4.2 Graphene Derivatives Delivery Systems modified with Cyclodextrins

In drug delivery systems, graphene-derived nanoparticles were introduced to increase drug loading and control drug release by stimuli (e.g., alternating magnetic fields, changing pH or temperature) [59]. Among them, graphene oxide (GO) has become a research hotspot in the field of nanomedicine delivery due to its high specific surface area and abundant surface functional groups[60]. The CD-modified graphene oxide (GO) nanomedicine delivery systems take advantage of the cavity structure of CD and the stimuli-responsive release ability of GO. The delivery systems have a high drug loading capacity and loading efficiency, enabling targeted delivery and controlled release. Graphene oxide (GO) has been a hot topic of research [60]. Interestingly, a CD-modified nanocarrier based on GO was synthesized for cancer therapy using L-phenylalanine as a link, the load efficiency and load capacity of this system for DOX were 78.7% and 85%, respectively. After 72h, only 12% of DOX was slowly released at pH 7.4, while up to 40% of DOX was released at pH 5.3 under acidic conditions [61]. In addition, a supramolecular hydrogel consisting of GO and α-CD was designed. This supramolecular hydrogel increased drug loading through host-guest interactions and released the anticancer drug 5-fluorouracil in response to near-infrared light (NIR), temperature, and pH. In this system, GO was used as a core material for additional cross-linking to confer thermal stability. Meanwhile, GO absorbed near-infrared light and converted part of the heat into local heat to trigger the gel to sol transition[62]. However, there are still some limitations in the application of CD-modified graphene derivative delivery systems. First, although the cytotoxicity possessed by GO can partially be reduced by CDs modification, the long-term biosafety of this composite system is not yet clear[63, 64]. In addition, most of the existing methods for the preparation of CD-modified GO rely on sophisticated chemical reactions, which makes it difficult to convert to large-scale production[65].

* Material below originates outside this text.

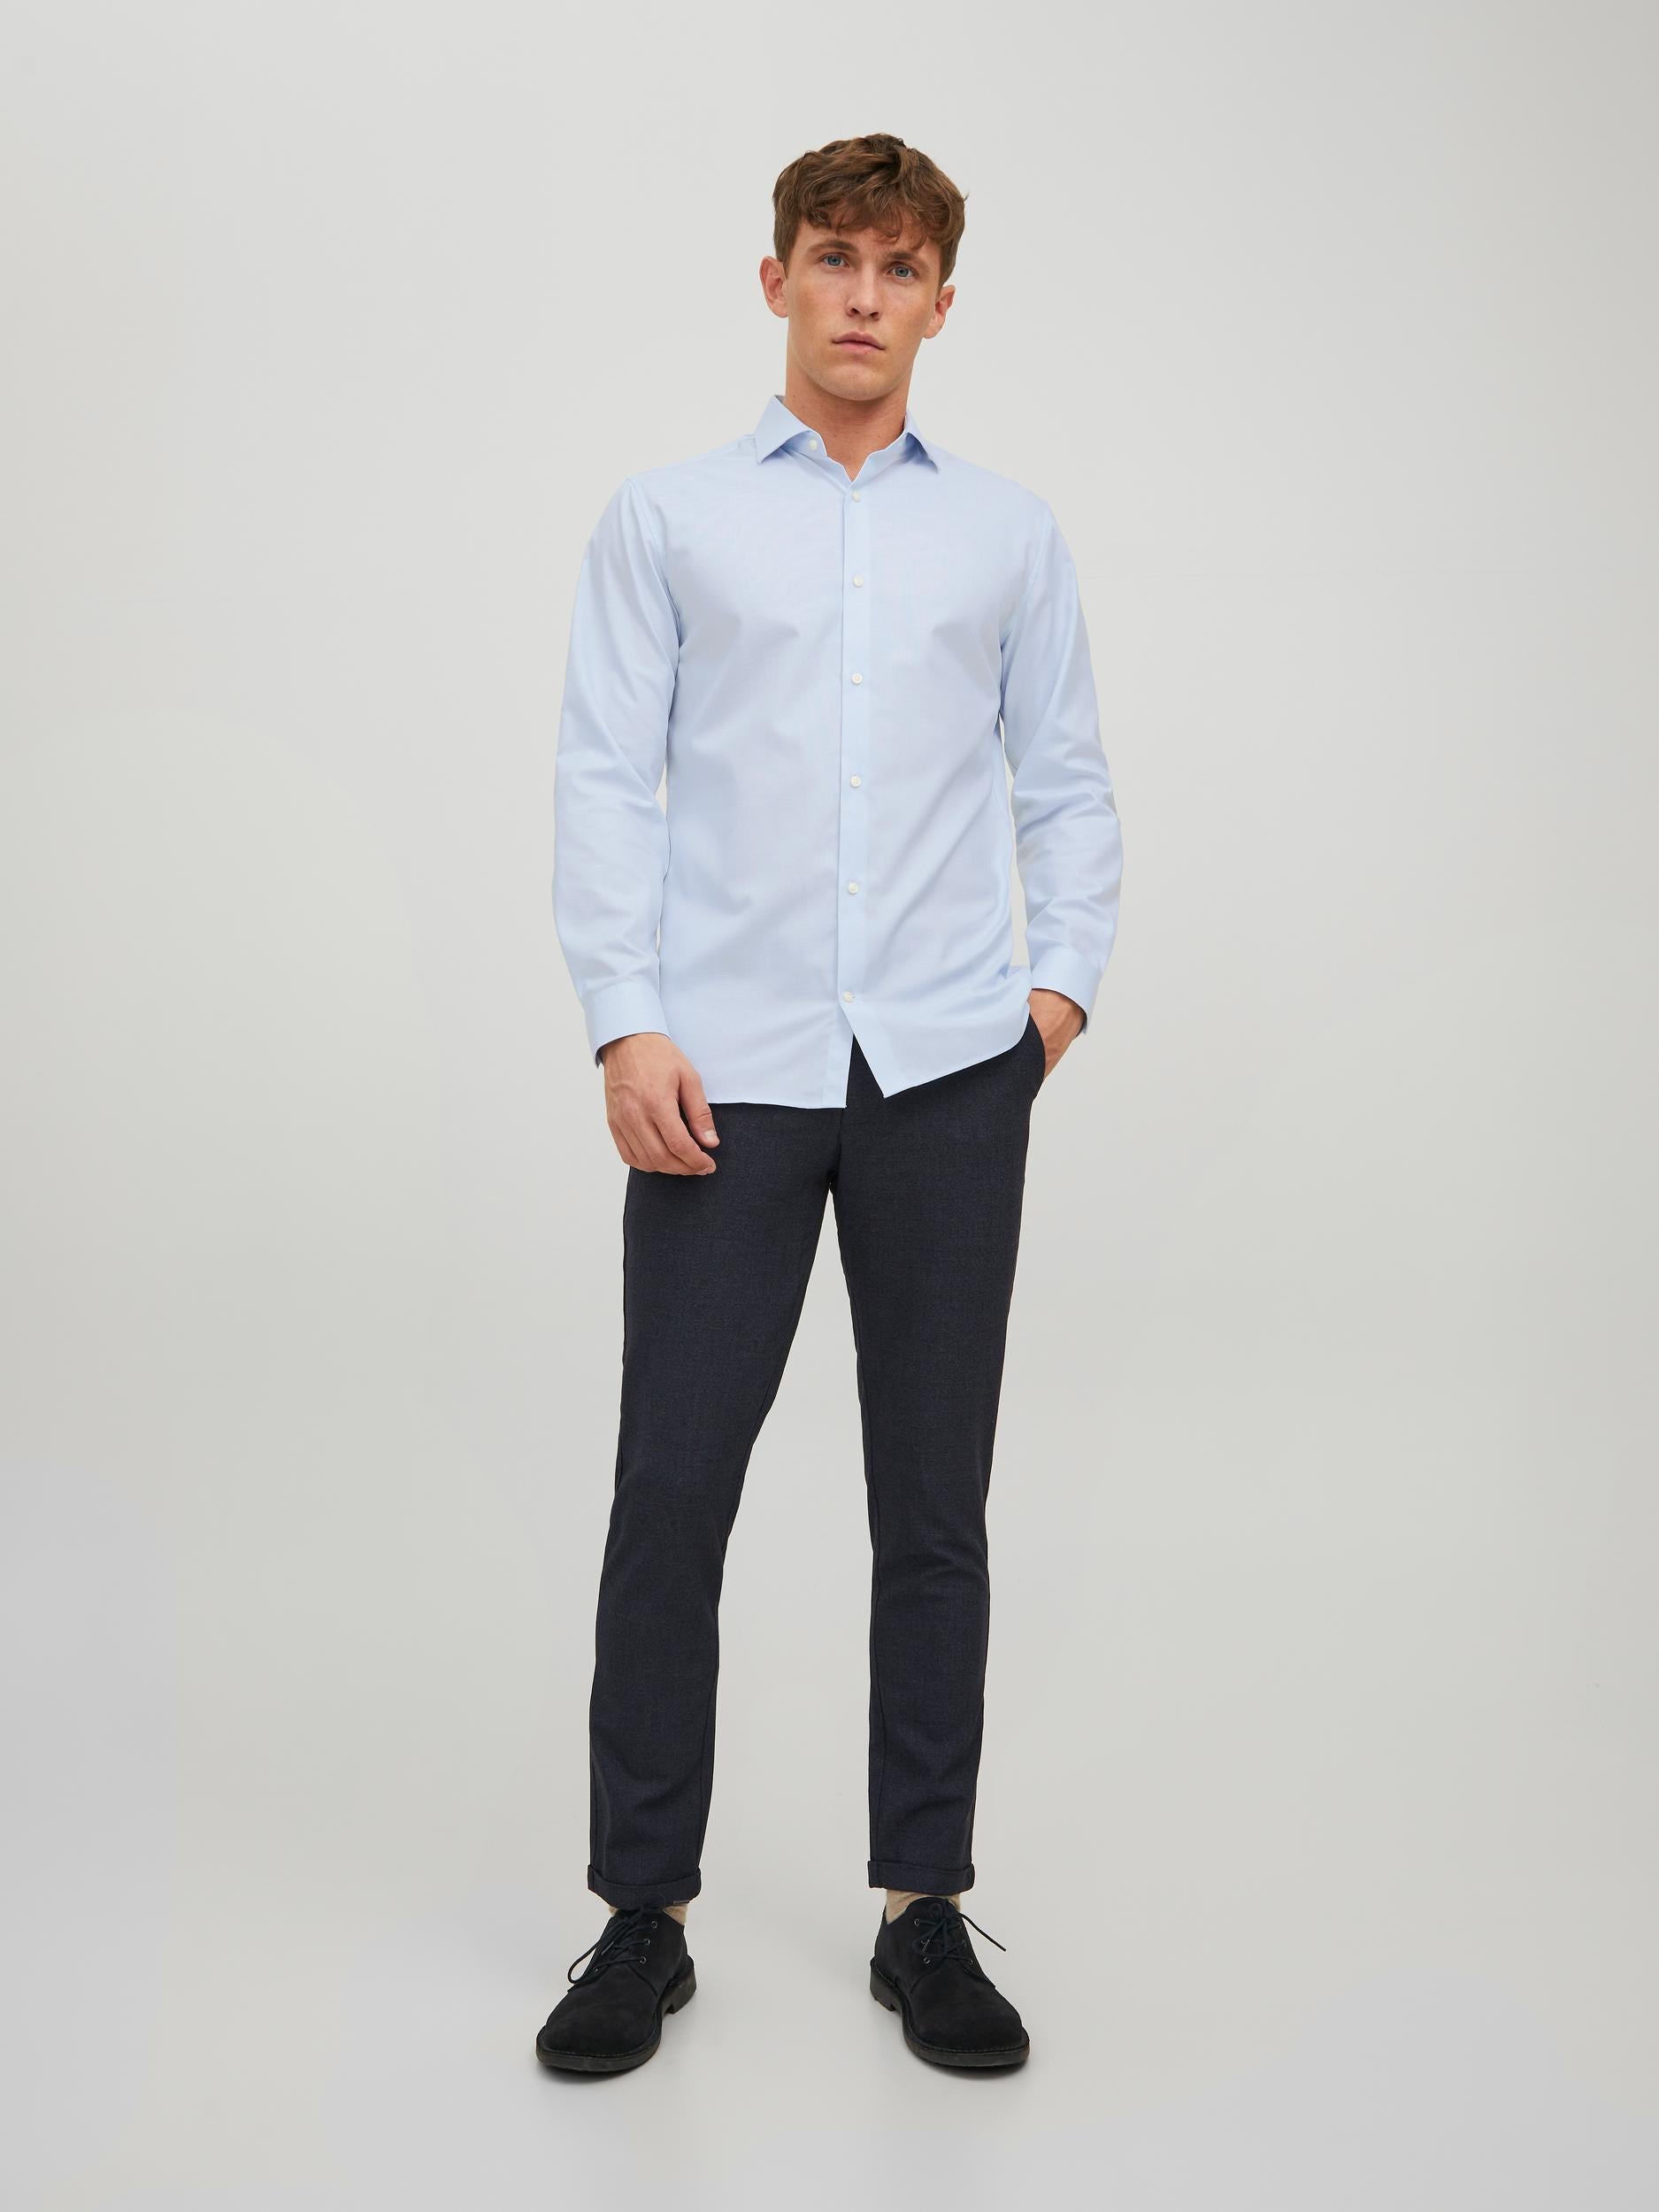 Men's Parker Cashmere Blue Shirt-Model Front View

4.3 Cyclodextrin-based Inorganic Nanoparticle Systems

Cyclodextrin-based inorganic nanoparticle delivery systems have attracted much attention due to their unique advantages in the field of targeted drug delivery and sustained release. In this system, commoninorganic nanomaterials mainly include mesoporous silica nanoparticles, plasmonic nanoparticles, magnetic nanoparticles, and quantum dots. Among them, mesoporous silica nanoparticles exhibit significant advantages in targeted delivery due to its internal pores with a large surface area and tunable mesoporous structure[66].Since mesoporous silica nanoparticles have no ability to respond to stimuli, they must be chemically modified using polymers or supramolecular structures to control release of drugs. On one hand, the derivatives of CDs were used as gatekeepers to control the release of drugs from premature release. Furthermore, CDs were loaded with drugs into mesoporous silica matrices and responded to external stimulus signals through host-guest interactions [67]. On the other hand, the derivatives of CDs contributed to the synthesis of these nanoparticles as reductants and stabilizers and increased the loading capacity of the drugs [68].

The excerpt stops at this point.